X-Git-Url: http://wien.tomnetworks.com/gitweb/?a=blobdiff_plain;f=docs%2Faot-compiler.txt;h=3d77c0a11cadb0f71c4569e7b4159b5935f81c88;hb=122601004c427fa2da2c0878403100c303b9d7bc;hp=22a868099cbf003664849f79367db2a81fbac3cf;hpb=e004ed5c5a87d6701afbdf1ce435020d6b834ec3;p=mono.git

diff --git a/docs/aot-compiler.txt b/docs/aot-compiler.txt
index 22a868099cb..3d77c0a11ca 100644
--- a/docs/aot-compiler.txt
+++ b/docs/aot-compiler.txt
@@ -14,6 +14,19 @@ Mono Ahead Of Time Compiler
 	assembly, while the -O=all flag instructs Mono to use all the
 	available optimizations.
 
+* Caching metadata
+------------------
+
+	Besides code, the AOT file also contains cached metadata information which allows
+	the runtime to avoid certain computations at runtime, like the computation of
+	generic vtables. This reduces both startup time, and memory usage.
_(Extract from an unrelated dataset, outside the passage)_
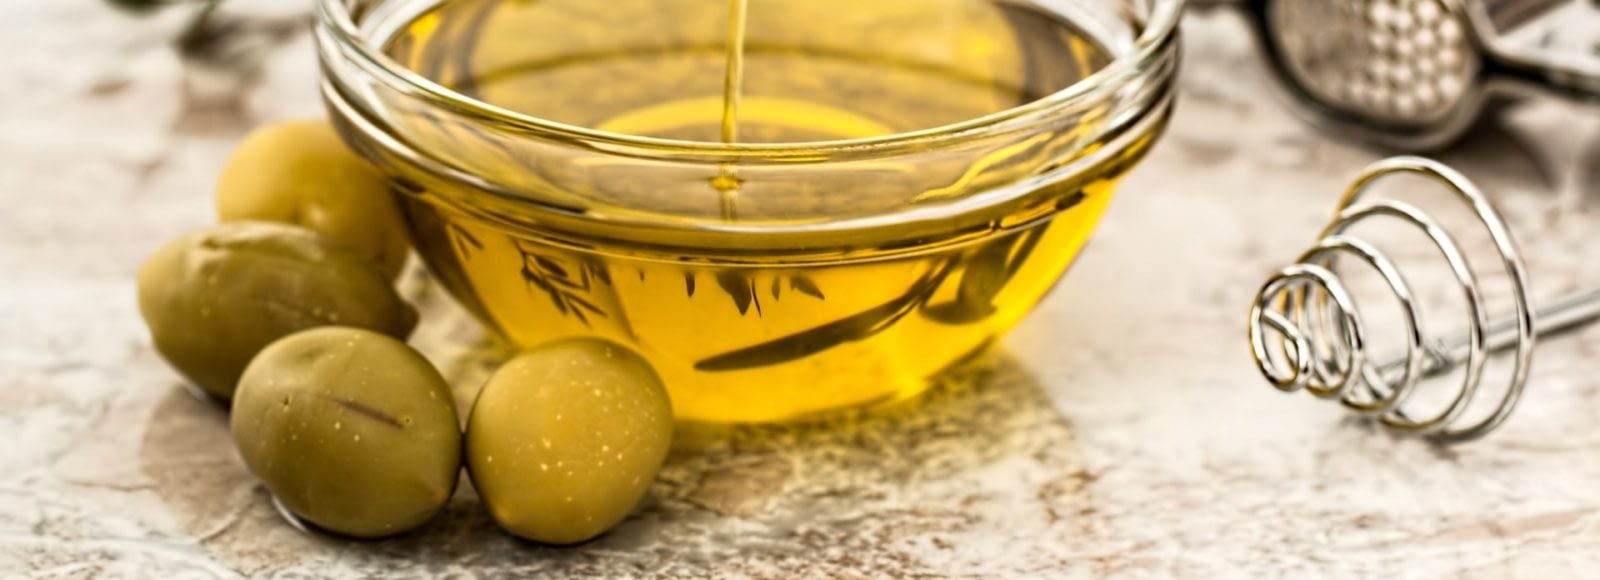 оливковое масло очень полезно

It is possible
+	to create an AOT image which contains only this cached information and no code by
+	using the 'metadata-only' option during compilation:
+
+	   mono --aot=metadata-only assembly.exe
+
+	This works even on platforms where AOT is not normally supported.
+
 * Position Independent Code
 ---------------------------
 
@@ -76,7 +89,22 @@ Mono Ahead Of Time Compiler
 	
 	svn diff -r 37739:38213 mini-x86.c 
 
-* The Precompiled File Format
+	* The Program Linkage Table
+
+	As in ELF, calls made from AOT code do not go through the GOT. Instead, a direct call is
+	made to an entry in the Program Linkage Table (PLT). This is based on the fact that on
+	most architectures, call instructions use a displacement instead of an absolute address, so
+	they are already position independent. An PLT entry is usually a jump instruction, which
+	initially points to some trampoline code which transfers control to the AOT loader, which
+	will compile the called method, and patch the PLT entry so that further calls are made
+	directly to the called method.
+	If the called method is in the same assembly, and does not need initialization (i.e. it
+    doesn't have GOT slots etc), then the call is made directly, bypassing the PLT.
+
+* Implementation
+----------------
+
+** The Precompiled File Format
 -----------------------------
 	
 	We use the native object format of the platform. That way it
@@ -90,6 +118,21 @@ Mono Ahead Of Time Compiler
 	library (on Linux its ".so" to the generated file). 
 
 	For example: basic.exe -> basic.exe.so; corlib.dll -> corlib.dll.so
+
+	To avoid symbol lookup overhead	and to save space, some things like the 
+	compiled code of the individual methods are not identified by specific symbols
+    like method_code_1234. Instead, they are stored in one big array and the
+	offsets inside this array are stored in another array, requiring just two
+	symbols. The offsets array is usually named 'FOO_offsets', where FOO is the
+	array the offsets refer to, like 'methods', and 'method_offsets'.
+
+	Generating code using an assembler and linker has some disadvantages:
+	- it requires GNU binutils or an equivalent package to be installed on the
+	  machine running the aot compilation.
+	- it is slow.
+
+	There is some support in the aot compiler for directly emitting elf files, but
+	its not complete (yet).
 	
 	The following things are saved in the object file and can be
 	looked up using the equivalent to dlsym:
@@ -125,49 +168,226 @@ Mono Ahead Of Time Compiler
 	
 			A list of assemblies referenced by this AOT
 			module.
-	
+
+		methods
+			
+			The precompiled code itself.
+			
 		method_offsets
 	
-			The equivalent to a procedure linkage table. 
-	
+			Maps method indexes to offsets in the methods array.
+
+		ex_info
+
+			Contains information about methods which is rarely used during normal execution, 
+			like exception and debug info.
+
+		ex_info_offsets
+
+			Maps method indexes to offsets in the ex_info array.
+
+		class_info
+
+			Contains precomputed metadata used to speed up various runtime functions.
+
+		class_info_offsets
+
+			Maps class indexes to offsets in the class_info array.
+
+		class_name_table
+
+			A hash table mapping class names to class indexes. Used to speed up 
+			mono_class_from_name ().
+
+		plt
+
+			The Program Linkage Table
+
+		plt_info
+
+			Contains information needed to find the method belonging to a given PLT entry.
+
+** Source file structure
+-----------------------------
+
+	The AOT infrastructure is split into two files, aot-compiler.c and 
+	aot-runtime.c. aot-compiler.c contains the AOT compiler which is invoked by
+	--aot, while aot-runtime.c contains the runtime support needed for loading
+	code and other things from the aot files.
+
+** Compilation process
+----------------------------
+
+	AOT compilation consists of the following stages:
+	- collecting the methods to be compiled.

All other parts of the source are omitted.